Charles L. Mears(1)(2)
    2004     Mr. Mears retired as Executive Vice President of the chlor-alkali business of Occidental Chemical Corporation, a subsidiary of Occidental Petroleum Corporation, in October 2000, after serving in that position since 1996. He had served in various management positions in that company since 1986, including serving as Senior Vice President of the Industrial Chemicals Division from 1991 until 1996. Mr. Mears began his career with Diamond Shamrock Corporation in 1965, where he held various management positions. He currently serves as a director of KMG Chemicals, Inc., a publicly-held specialty chemicals manufacturer. Mr. Mears is 66 years old.
David A. Scholes
    2005     Mr. Scholes has served as our Vice President, Manufacturing since March 2001. From January 1997 to March 2001 he was our Vice President, Manufacturing – U.S., and Vice President, Manufacturing of the Company’s domestic subsidiary. Prior to 1997 he was manager of Occidental Chemical Corporation’s Houston chemical complex. Mr. Scholes has been involved in chlor-alkali manufacturing since 1976. Mr. Scholes was an executive officer of Pioneer in July 2001 when the petition for reorganization under Chapter 11 of the U.S. Bankruptcy Code was filed. Mr. Scholes is 60 years old.
Richard L. Urbanowski(1)(2)
    2005     Mr. Urbanowski retired in 1998 as President and Chief Operating Officer of ISK Biosciences Corporation, a specialty chemicals company selling crop protection chemicals and wood preservative products. Mr. Urbanowski began his career with Diamond Alkali Company, where he held various positions in research and development, engineering, operations, production and sales. He is currently a director of KMG Chemicals, Inc., a publicly-held specialty chemicals manufacturer. Mr. Urbanowski is 69 years old.
 
(1)  Member of Audit Committee.
 
(2)  Member of Governance and Compensation Committee.
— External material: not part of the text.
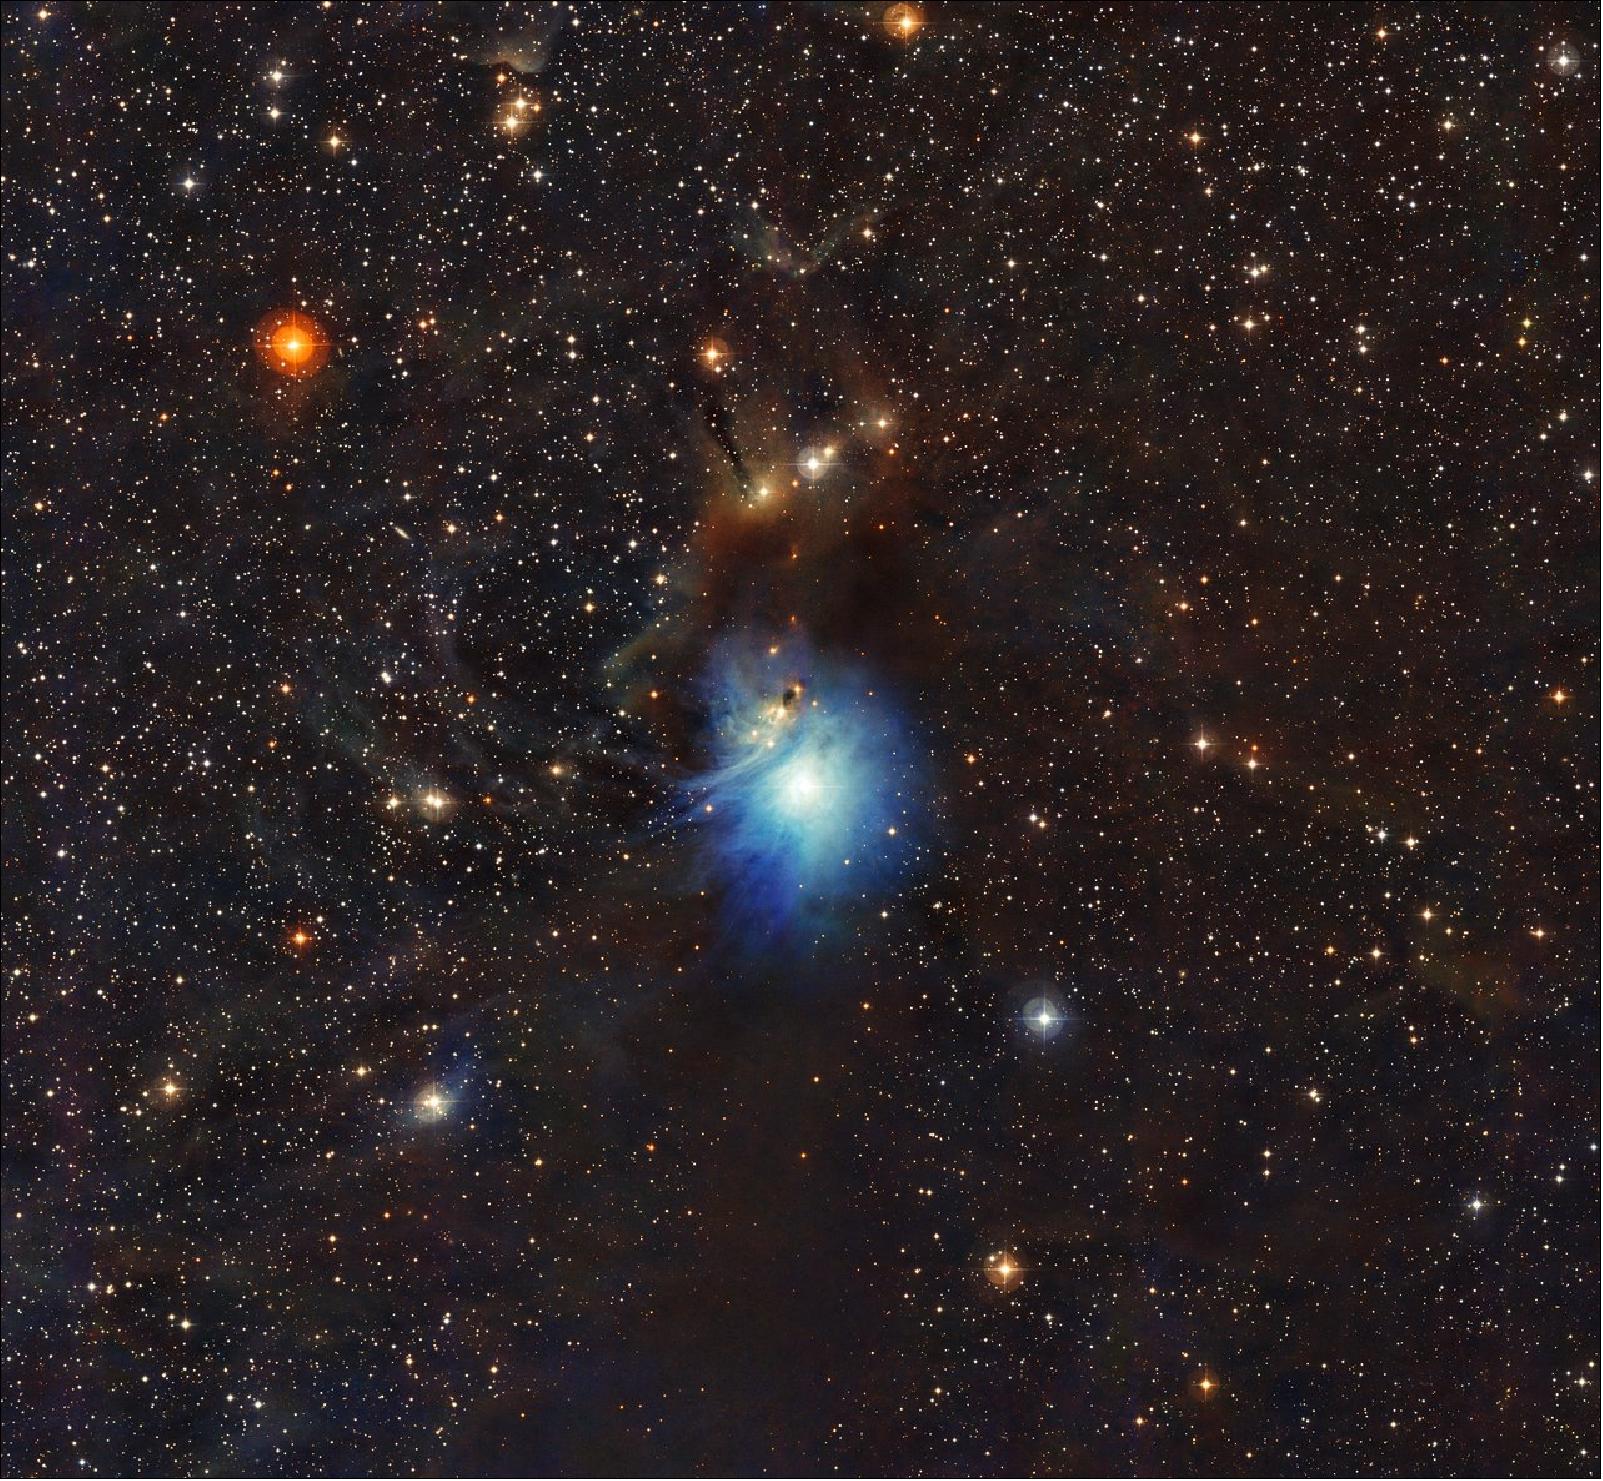 Figure 16: A newly formed star lights up the surrounding cosmic clouds in this image from ESO’s La Silla Observatory in Chile. Dust particles in the vast clouds that surround the star HD 97300 diffuse its light, like a car headlight in enveloping fog, and create the reflection nebula IC 2631. Although HD 97300 is in the spotlight for now, the very dust that makes it so hard to miss heralds the birth of additional, potentially scene-stealing, future stars (image credit: ESO)

      The Board of Directors recommends that you vote “FOR” election of each nominee listed above. Each properly submitted proxy card will be so voted unless the stockholder submitting such proxy card specifies otherwise.
* * * * * * * * * * * * * * * * * * * *
How is our company governed?
      In accordance with the provisions of the Delaware General Corporation Law and our certificate of incorporation and by-laws, our business, property and affairs are managed by or under the direction of the Board of Directors. The Board of Directors has determined that all of the directors other than Mr. McGovern, who is our President and Chief Executive Officer, and Mr. Scholes, who is our Vice President, Manufacturing, are independent directors, as defined by Rule 10A-3 under the Securities Exchange Act of 1934 and Rule 4200(a)(15) of the NASD Marketplace Rules.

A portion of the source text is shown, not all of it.